I have to make multiple sql queries of entire tables, and concatenate them into one big data table.
I have a dictionary where the key is a team name, and the value serves as an acronym where the acronym is the prefix to mySQL data tables
engine = create_engine('mysql mysqlconnector://%s:%s@%s/%s' % (mysql_user, mysql_password, mysql_host, mysql_dbname), echo=False, pool_recycle=1800)
mysql_conn = engine.connect()
team_dfs = []
nba_dict = {'New York Knicks': 'nyk',
'Boston Celtics': 'bos',
'Golden State Warriors': 'gsw',
'New York Knicks': 'nyk'}
for name, abbr in nba_dict.items()
query = f'''
SELECT *
from {abbr}_record
'''
df = pd.read_sql_query(query, mysql_conn)
df['team_name'] = name
team_dfs.append(df)
team_dfs = pd.concat(team_dfs)
Is there a better way to refactor this code and make it more efficient?
CodePudding user response:
If your nba_dict
is fixed, you can use UNION
to manually combine the result table of SQL.
abbr = list(nba_dict.values())
query = f'''
SELECT *
from {abbr[0]}_record UNION
SELECT *
from {abbr[1]}_record UNION
SELECT *
from {abbr[2]}_record UNION
SELECT *
from {abbr[3]}_record UNION
'''
df = pd.read_sql_query(query, mysql_conn)

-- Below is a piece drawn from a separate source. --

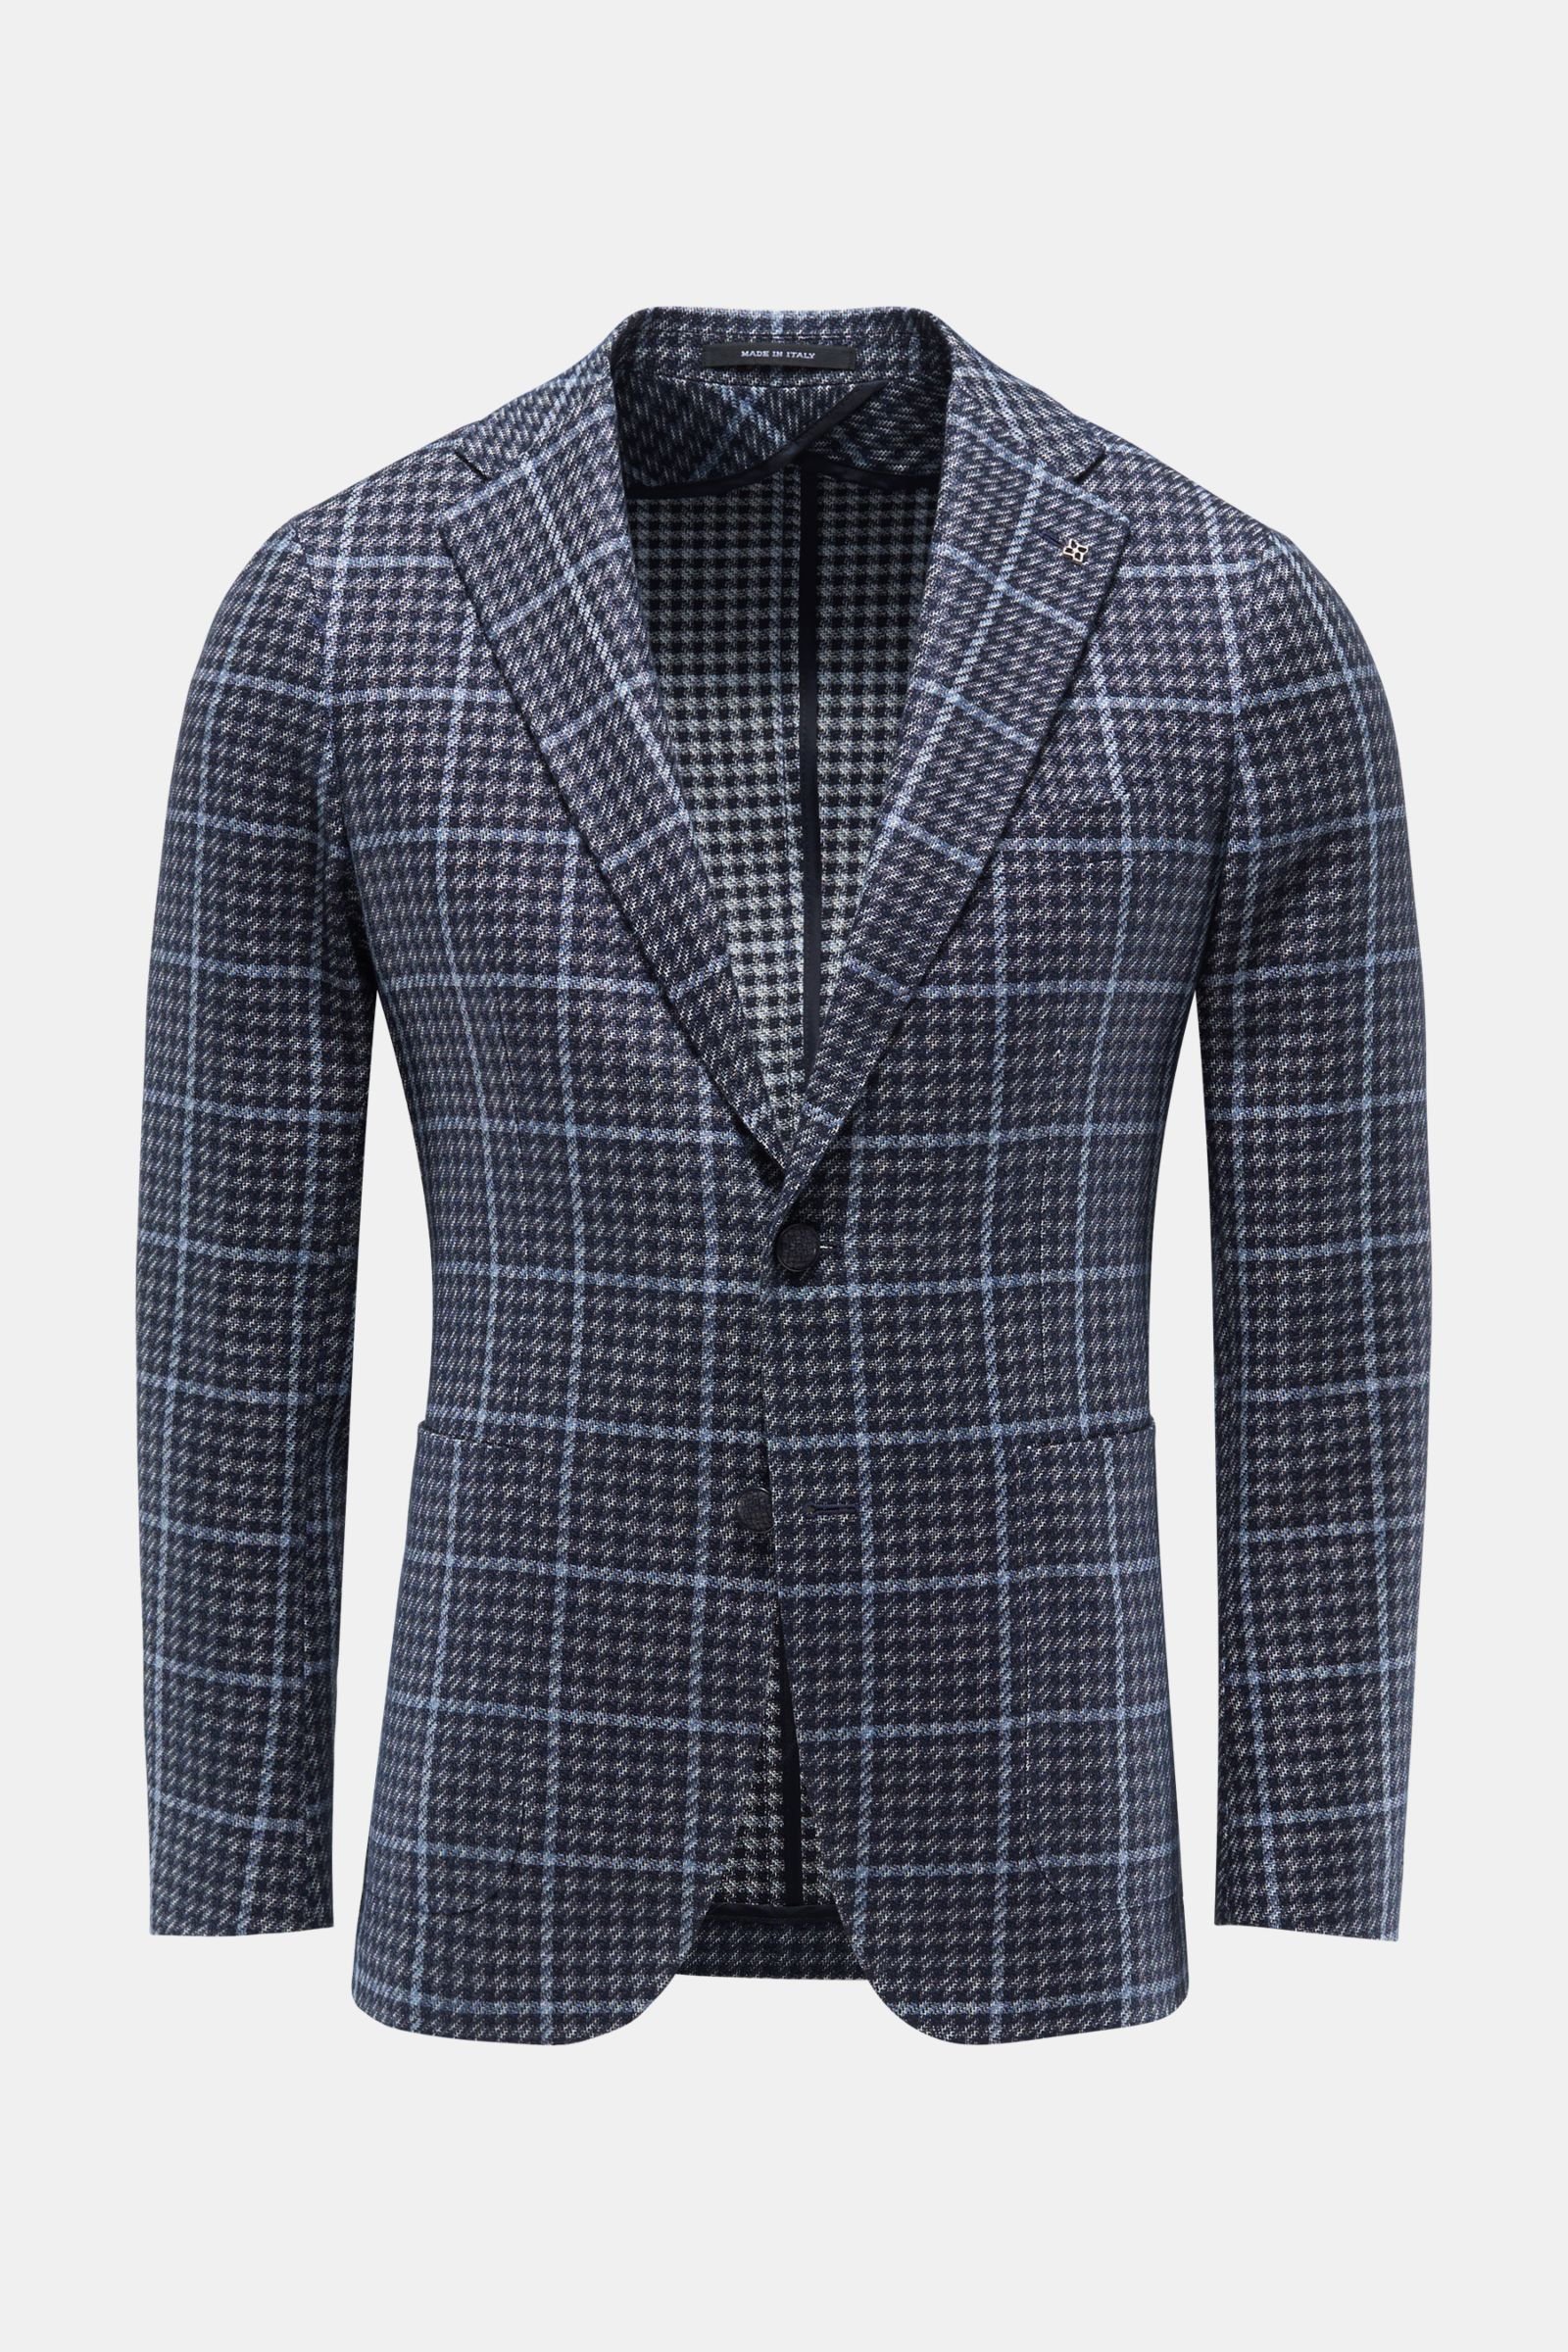 Smart-casual jacket navy/grey-blue checked

df['team_name'] = list(nba_dict.keys())
CodePudding user response:
Your database layout, with a separate table for each team, is doomed to inefficiency whenever you need to retrieve data for more than one team at a time. You would be much much better off putting all that data in one table, giving the table a column mentioning the team associated with each row.
Why inefficient? More tables: more work. And, more queries: more work.
I suggest you push back, hard, on the designer of this database table structure. Its design is, bluntly, wrong.
If you must live with this structure, I suggest you create the following view. It will fake the single-table approach and give you your "gold layer". You get away with this because pro sports franchises don't come and go that often. You do this just once in your database.
CREATE OR REPLACE VIEW teams_record AS
SELECT 'nyk' team, * FROM nyk_record
UNION ALL
SELECT 'bos' team, * FROM bos_record
UNION ALL
SELECT 'gsw' team, * FROM gsw_record
UNION ALL .... the other teams
Then you can do SELECT * FROM teams_record ORDER BY team
to get all your data.